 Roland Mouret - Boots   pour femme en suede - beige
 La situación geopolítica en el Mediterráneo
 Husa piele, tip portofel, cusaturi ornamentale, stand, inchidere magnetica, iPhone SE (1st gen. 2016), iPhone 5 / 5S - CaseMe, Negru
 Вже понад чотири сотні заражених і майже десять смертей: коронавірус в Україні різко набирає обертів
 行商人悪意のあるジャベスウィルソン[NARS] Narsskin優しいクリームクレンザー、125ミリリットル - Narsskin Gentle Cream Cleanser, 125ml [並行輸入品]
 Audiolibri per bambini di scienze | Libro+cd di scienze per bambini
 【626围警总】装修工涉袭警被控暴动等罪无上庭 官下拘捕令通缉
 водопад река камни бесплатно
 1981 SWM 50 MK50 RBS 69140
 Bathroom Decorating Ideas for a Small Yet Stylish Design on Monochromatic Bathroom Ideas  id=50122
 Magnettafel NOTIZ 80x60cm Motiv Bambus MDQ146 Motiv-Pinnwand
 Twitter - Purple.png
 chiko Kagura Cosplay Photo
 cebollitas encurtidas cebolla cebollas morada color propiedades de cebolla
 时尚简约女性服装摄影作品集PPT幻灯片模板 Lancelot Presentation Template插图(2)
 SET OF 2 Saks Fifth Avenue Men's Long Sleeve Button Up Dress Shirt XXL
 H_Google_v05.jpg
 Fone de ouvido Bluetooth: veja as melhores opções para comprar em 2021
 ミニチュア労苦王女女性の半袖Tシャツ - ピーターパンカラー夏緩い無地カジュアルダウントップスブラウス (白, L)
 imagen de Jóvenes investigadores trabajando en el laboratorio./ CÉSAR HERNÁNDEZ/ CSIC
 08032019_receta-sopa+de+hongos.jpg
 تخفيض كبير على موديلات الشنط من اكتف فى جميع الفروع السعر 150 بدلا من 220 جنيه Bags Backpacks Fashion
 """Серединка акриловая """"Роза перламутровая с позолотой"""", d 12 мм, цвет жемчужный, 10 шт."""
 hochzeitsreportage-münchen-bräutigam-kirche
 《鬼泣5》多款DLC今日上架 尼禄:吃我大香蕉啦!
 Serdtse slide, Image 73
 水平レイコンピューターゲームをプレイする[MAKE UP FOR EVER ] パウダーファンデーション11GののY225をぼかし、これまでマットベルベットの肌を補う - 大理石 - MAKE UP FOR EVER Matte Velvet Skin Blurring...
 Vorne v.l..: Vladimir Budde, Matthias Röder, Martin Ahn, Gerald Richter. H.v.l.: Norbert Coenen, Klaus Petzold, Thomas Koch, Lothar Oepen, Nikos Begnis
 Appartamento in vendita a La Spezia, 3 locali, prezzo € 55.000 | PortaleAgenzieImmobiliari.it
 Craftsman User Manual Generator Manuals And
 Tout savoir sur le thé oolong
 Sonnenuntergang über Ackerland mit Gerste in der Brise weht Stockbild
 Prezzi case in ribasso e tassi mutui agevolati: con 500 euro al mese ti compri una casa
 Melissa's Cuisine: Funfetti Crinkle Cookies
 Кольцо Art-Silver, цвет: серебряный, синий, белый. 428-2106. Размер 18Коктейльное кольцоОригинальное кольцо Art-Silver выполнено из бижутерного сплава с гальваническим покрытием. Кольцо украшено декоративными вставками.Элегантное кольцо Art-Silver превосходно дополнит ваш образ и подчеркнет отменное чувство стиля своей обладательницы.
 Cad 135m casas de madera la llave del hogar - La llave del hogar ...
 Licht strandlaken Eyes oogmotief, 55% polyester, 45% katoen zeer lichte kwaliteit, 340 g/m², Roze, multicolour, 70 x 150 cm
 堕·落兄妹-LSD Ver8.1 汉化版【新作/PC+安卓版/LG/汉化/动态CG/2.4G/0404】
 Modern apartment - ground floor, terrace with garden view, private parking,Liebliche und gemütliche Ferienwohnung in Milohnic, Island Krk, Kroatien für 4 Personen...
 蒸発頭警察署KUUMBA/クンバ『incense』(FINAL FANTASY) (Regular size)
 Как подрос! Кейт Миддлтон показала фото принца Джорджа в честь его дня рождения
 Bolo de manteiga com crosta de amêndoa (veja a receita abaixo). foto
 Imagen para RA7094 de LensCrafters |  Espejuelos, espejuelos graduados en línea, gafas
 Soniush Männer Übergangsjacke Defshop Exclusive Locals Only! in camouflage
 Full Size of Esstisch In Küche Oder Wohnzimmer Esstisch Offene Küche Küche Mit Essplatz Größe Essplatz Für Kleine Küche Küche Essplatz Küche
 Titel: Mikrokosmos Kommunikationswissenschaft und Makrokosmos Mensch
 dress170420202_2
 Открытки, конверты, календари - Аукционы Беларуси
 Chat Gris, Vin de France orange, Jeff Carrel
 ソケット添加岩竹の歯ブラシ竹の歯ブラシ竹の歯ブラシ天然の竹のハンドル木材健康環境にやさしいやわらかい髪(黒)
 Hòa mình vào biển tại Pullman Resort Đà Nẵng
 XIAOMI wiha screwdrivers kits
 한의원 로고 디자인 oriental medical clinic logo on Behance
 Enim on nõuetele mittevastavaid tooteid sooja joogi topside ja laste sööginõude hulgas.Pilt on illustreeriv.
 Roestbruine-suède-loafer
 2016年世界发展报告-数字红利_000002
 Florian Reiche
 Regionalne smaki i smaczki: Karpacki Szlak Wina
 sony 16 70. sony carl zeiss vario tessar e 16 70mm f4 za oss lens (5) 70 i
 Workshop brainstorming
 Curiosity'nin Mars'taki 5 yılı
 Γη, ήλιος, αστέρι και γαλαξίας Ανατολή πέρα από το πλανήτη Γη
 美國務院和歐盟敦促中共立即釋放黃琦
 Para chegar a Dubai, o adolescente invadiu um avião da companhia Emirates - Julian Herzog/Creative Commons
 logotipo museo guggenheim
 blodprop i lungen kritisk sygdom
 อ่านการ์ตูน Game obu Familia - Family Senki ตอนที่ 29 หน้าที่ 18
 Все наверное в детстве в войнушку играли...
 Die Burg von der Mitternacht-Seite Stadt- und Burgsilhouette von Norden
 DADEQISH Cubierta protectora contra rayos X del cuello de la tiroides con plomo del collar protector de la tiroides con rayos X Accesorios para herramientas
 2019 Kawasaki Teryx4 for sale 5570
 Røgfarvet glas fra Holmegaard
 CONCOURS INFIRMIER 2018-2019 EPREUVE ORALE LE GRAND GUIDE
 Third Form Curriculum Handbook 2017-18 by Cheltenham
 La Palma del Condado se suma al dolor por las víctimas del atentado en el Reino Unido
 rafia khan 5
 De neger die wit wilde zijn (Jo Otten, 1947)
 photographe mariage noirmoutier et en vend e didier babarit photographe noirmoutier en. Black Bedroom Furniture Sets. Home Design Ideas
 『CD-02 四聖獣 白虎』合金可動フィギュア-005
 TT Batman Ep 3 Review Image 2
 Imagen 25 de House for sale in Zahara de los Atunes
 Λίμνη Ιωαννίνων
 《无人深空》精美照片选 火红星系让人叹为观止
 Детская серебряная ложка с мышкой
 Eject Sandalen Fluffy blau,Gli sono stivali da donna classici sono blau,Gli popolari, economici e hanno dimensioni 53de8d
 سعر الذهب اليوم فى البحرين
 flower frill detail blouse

■ ■ ■

:: EXERCISE DIRECTIONS ::
Everything from the line with "Soniush Männer Übergangsjacke" through the line with "อ่านการ์ตูน Game obu" in the listing above must be retyped exactly, with nothing added.

:: ANSWER BOX ::
 Soniush Männer Übergangsjacke Defshop Exclusive Locals Only! in camouflage
 Full Size of Esstisch In Küche Oder Wohnzimmer Esstisch Offene Küche Küche Mit Essplatz Größe Essplatz Für Kleine Küche Küche Essplatz Küche
 Titel: Mikrokosmos Kommunikationswissenschaft und Makrokosmos Mensch
 dress170420202_2
 Открытки, конверты, календари - Аукционы Беларуси
 Chat Gris, Vin de France orange, Jeff Carrel
 ソケット添加岩竹の歯ブラシ竹の歯ブラシ竹の歯ブラシ天然の竹のハンドル木材健康環境にやさしいやわらかい髪(黒)
 Hòa mình vào biển tại Pullman Resort Đà Nẵng
 XIAOMI wiha screwdrivers kits
 한의원 로고 디자인 oriental medical clinic logo on Behance
 Enim on nõuetele mittevastavaid tooteid sooja joogi topside ja laste sööginõude hulgas.Pilt on illustreeriv.
 Roestbruine-suède-loafer
 2016年世界发展报告-数字红利_000002
 Florian Reiche
 Regionalne smaki i smaczki: Karpacki Szlak Wina
 sony 16 70. sony carl zeiss vario tessar e 16 70mm f4 za oss lens (5) 70 i
 Workshop brainstorming
 Curiosity'nin Mars'taki 5 yılı
 Γη, ήλιος, αστέρι και γαλαξίας Ανατολή πέρα από το πλανήτη Γη
 美國務院和歐盟敦促中共立即釋放黃琦
 Para chegar a Dubai, o adolescente invadiu um avião da companhia Emirates - Julian Herzog/Creative Commons
 logotipo museo guggenheim
 blodprop i lungen kritisk sygdom
 อ่านการ์ตูน Game obu Familia - Family Senki ตอนที่ 29 หน้าที่ 18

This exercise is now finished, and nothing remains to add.